Against such a historical complex backdrop, a Global Times editorial hit out on Wednesday: “China decided to resist the US aggression and aid North Korea during the Korean War, it had repeatedly sent stern warnings that if US forces crossed the 38th parallel China would not sit idle. However, the US did not take it seriously, thinking that China was only making empty threats and would not take action. As a result, they were caught off guard when they encountered the Chinese People’s Volunteers Army on the battlefield. Today, a similar major misjudgment toward China is occurring in Washington. The biggest difference between now and the Korean War era is that China’s strength has greatly increased. The consequences of infringing upon China’s security interests and national sovereignty will undoubtedly be much more severe… However, it must be clear that if there is another strategic misjudgment this time, the price it will pay will surely be much higher than 70 years ago.”
The aphorism frequently attributed to Mark Twain comes to mind — ‘History doesn’t repeat itself, but it often rhymes.’ Certainly, the history of the Korean War rhymes with the war in Ukraine. While the details, circumstances or settings may have changed, similar events have essentially recycled.

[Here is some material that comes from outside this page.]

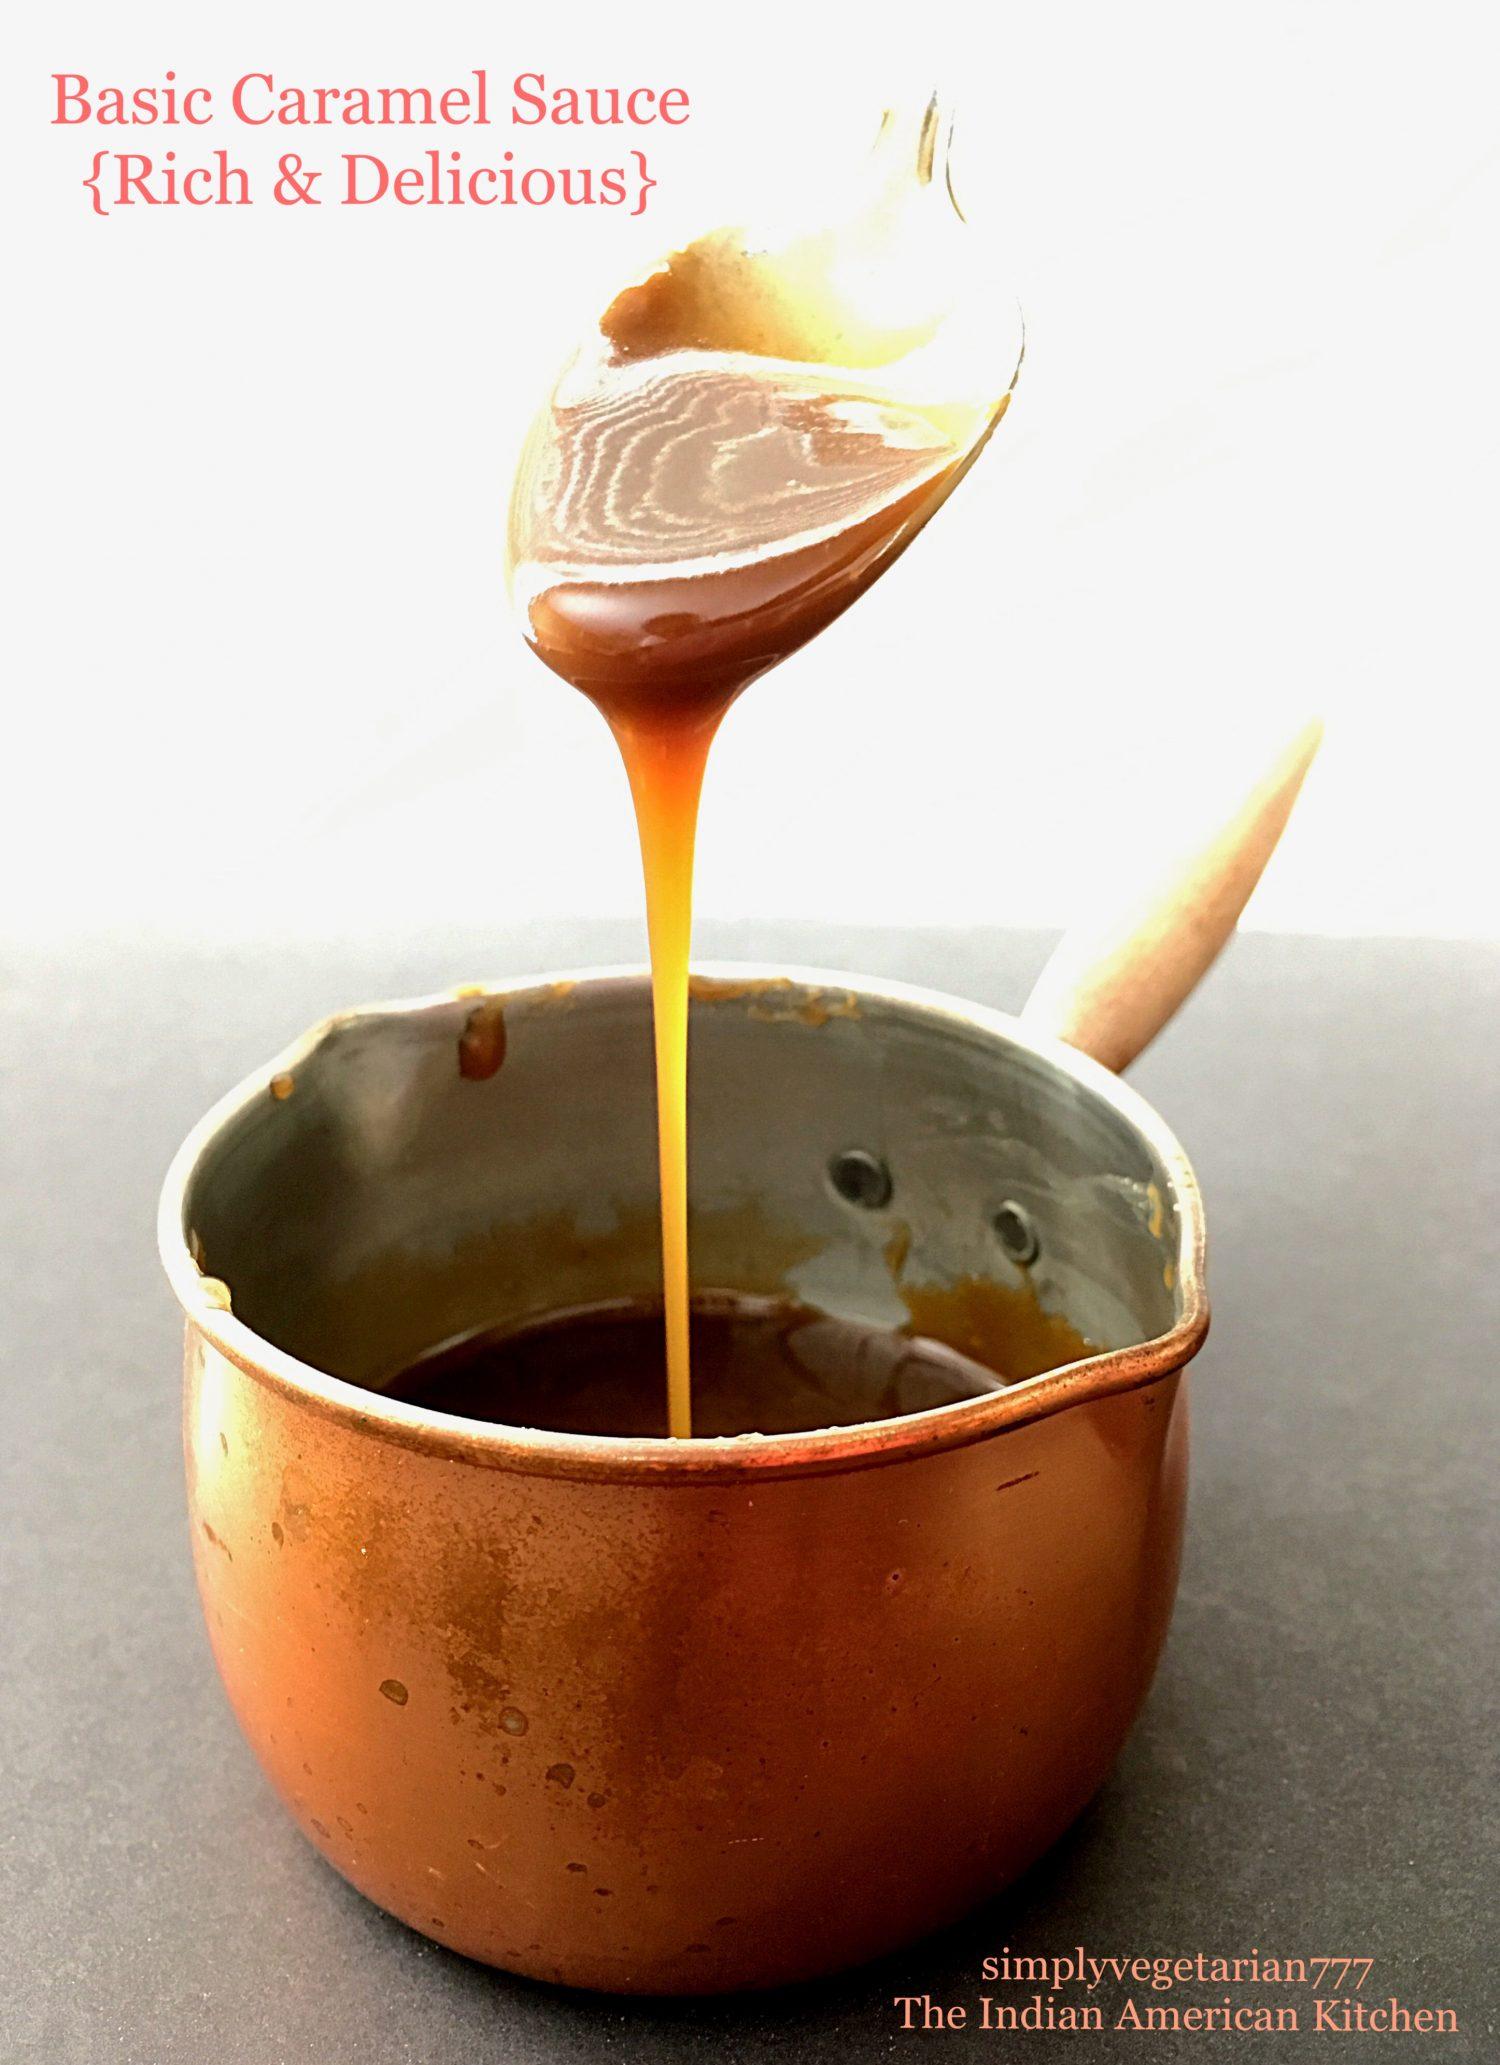 Best Basic Caramel Sauce - Rich & Delicious

Ukraine rhymes with Korean War
The fundamental difference is that while not even the worst detractors of the US would allege that Washington precipitated the Korean war, when it comes to Ukraine, even the best apologists of the western narrative draw a vicarious pleasure that the US set up a bear trap by its obduracy not to negotiate Russia’s legitimate security concerns and brilliantly turned Ukraine into an anti-Russian state. In effect, the US created the setting for a proxy war — unlike in Korea where its direct intervention in the inter-Korean conflict and MacArthur’s belligerent escalation transformed it as a protracted war that lasted for 3 years.
The big question is whether it was the US’ nuclear blackmail that spurred peace talks brought about the armistice in July 1953. Let facts speak for themselves. During the spring of 1953, Eisenhower developed plans for nuclear attacks on China and conveyed them to the Communists to intimidate them into accepting favourable terms for an armistice. Did Mao feel intimidated?
Wouldn’t China (and Russia) have known that the frightened US allies in Western Europe had registered strong opposition to using nuclear weapons in Korea — and, furthermore, that worries about allies withdrawing from the Korean theatre and leaving the Americans in a limbo would have made it difficult to nuke China and North Korea? The salience is that in any future war, a nuclear power would be more likely to use atomic bomb than one wanting to maintain the support of allies. Wouldn’t the Russians know it in Ukraine? (See Nuclear Blackmail and the End of the Korean War by Edward Friedman, Modern China, Jan 1975)
Anyway, there has been a paradigm shift today. Russia today has nuclear superiority over the US and its allies. Unlike during the Korean War, North Korea and China now possess nuclear weapons and missiles to deliver them. But a cardinal difference in this paradigm shift is also that neither Pyongyang nor Beijing developed nuclear weapons capabilities as part of plans to initiate a war but, instead, to deter a US attempt to destroy them. The same holds good for Russia in Ukraine.